There is a sought-after type of candidate that banks, buy-side firms and fintech companies are contending to attract. And yes, it does relate to a niche within data science and artificial intelligence (AI): natural-language processing (NLP).
AI consists of machines that show intelligence resembling that of humans applied to pattern-recognition and decision-making, of which machine learning (ML), deep learning and NLP are overlying subfields.
Tejas Shastry, is a vice president of data science at GreenKey Technologies, a fintech firm offering an NLP-powered speech recognition and voice-to-data system that records and interprets quotes and trades and feeds that data into trade-ticket, reporting and compliance systems.
Shastry says that AI researchers use ML algorithms that improve at generalizing patterns through experience, similar to how humans do. If ML helps a computer to hear, then NLP helps it to understand the meaning behind what it heard.
"NLP can sometimes involve additional machine-learning algorithms, or it could be rules-based," Shastry says. "Not all data scientists work on AI, and not all AI researchers use data science day-to-day, but they are overlapping and related in that both machines and humans need math and statistics to understand the world."
Candidates with expertise in both have no worry finding a lucrative job.
Here's his advice for students who are interested in a career focused on data science, AI, ML and NLP.
If you want to be an NLP practitioner, you'll need a STEM PhD. You'll also need to be a great programmer (Shastry advises spending 10 minutes a day on pet projects like classifiers on HackerRank), including knowing how to code in Python and Go, plus deployment tools like Docker. Shastry isn't only after polished NLP practitioners: He also wants data scientists and developers who can grow to become experts in the field over time.
He inspires people to learn NLP by reading the latest academic research papers about it, a skill that most scientists have cultivated in graduate school that is essential to performing at the rapid pace necessary to succeed in AI generally and NLP specifically. That will help you to gain familiarity with common ML techniques such as classification, clustering, regression and Bayes, as well as the most common NLP tasks, which are grouped under the categories of syntax, semantics, discourse and speech.

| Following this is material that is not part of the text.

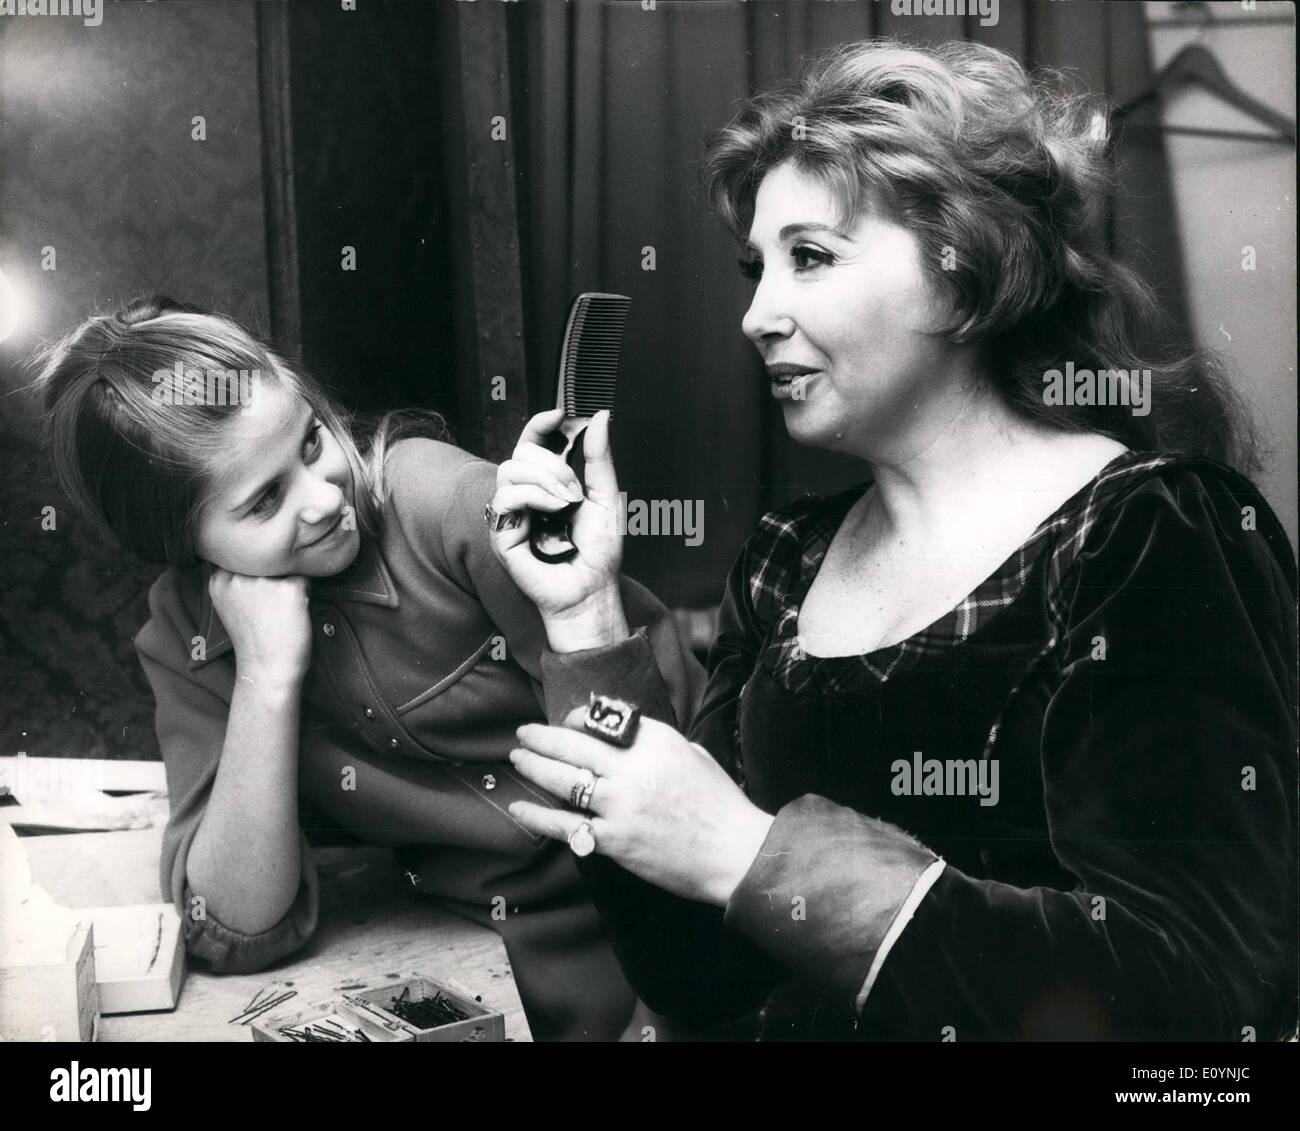 Dec. 12, 1970 - 11-year-old Muffy who is deaf arrives here for her opera Mother's British debut at Covent Garden. Beverly Sills, the idol of America's opera public, makes her British debut at the Royal Opera House, Covent Garden, on Wednesday December 23rd. Her 11-year-old daughter, Muffy has come here for the occasion. Muffy adores opera yet the sad thing is that she has never heard her mother sing a note, for she is deaf. Beverly is now rated on both sides of the Atlantic as something special among operatio sopranos Stock Photo

"I read about 50 NLP papers over three weeks before I felt comfortable enough to apply bleeding-edge NLP to our work at GreenKey," Shastry says. "Throughout the process, I was experimenting with applying what I read about.
"If you're given a new paper about NLP and can figure out how to implement the techniques described, you can do NLP," he says. "You don't have to know all the machinery behind the entire field, but you have to know how to navigate around work presented by other data scientists and developers."